[WHAT TO PRODUCE]: Among the lines below, keep only those from the one containing "Branding Guidelines Colour" through the one containing "School Bus Cartoon", and reproduce them exactly.

[ENTRIES SUPPLIED]:
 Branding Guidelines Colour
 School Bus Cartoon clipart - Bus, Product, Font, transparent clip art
==
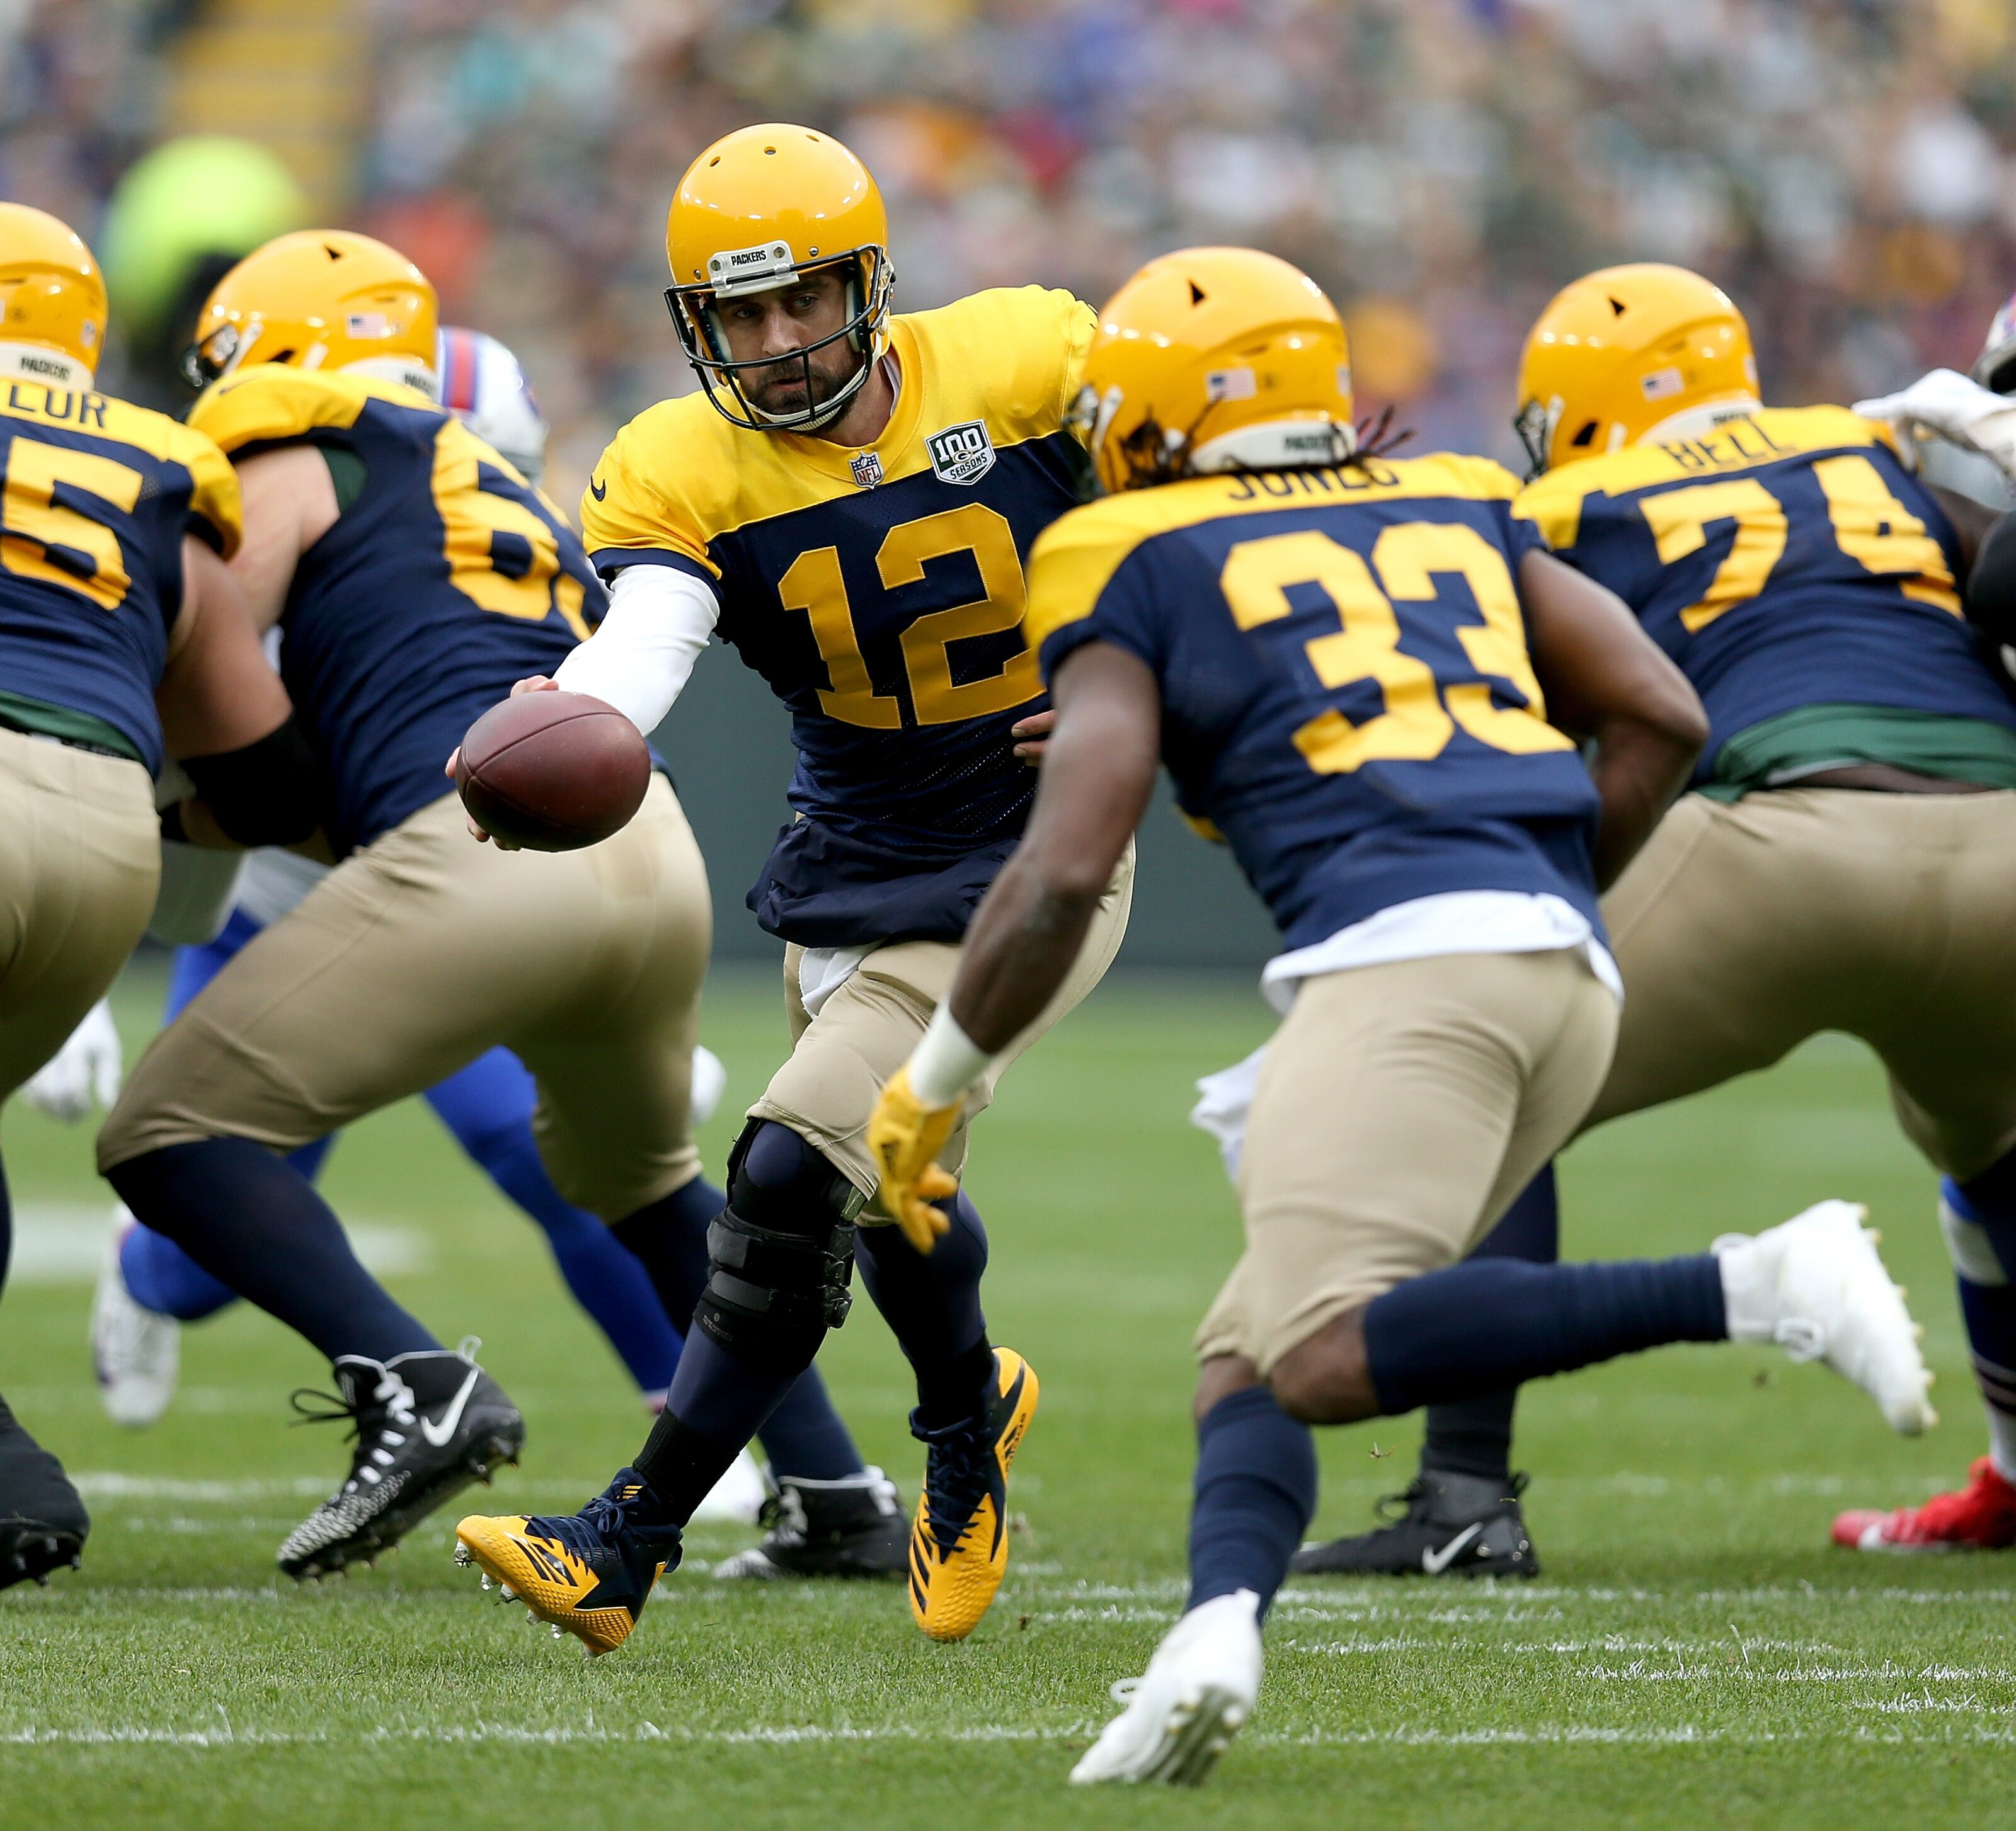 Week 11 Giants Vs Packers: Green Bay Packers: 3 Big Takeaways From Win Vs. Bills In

[FINISHED TASK]:
 Branding Guidelines Colour
 School Bus Cartoon clipart - Bus, Product, Font, transparent clip art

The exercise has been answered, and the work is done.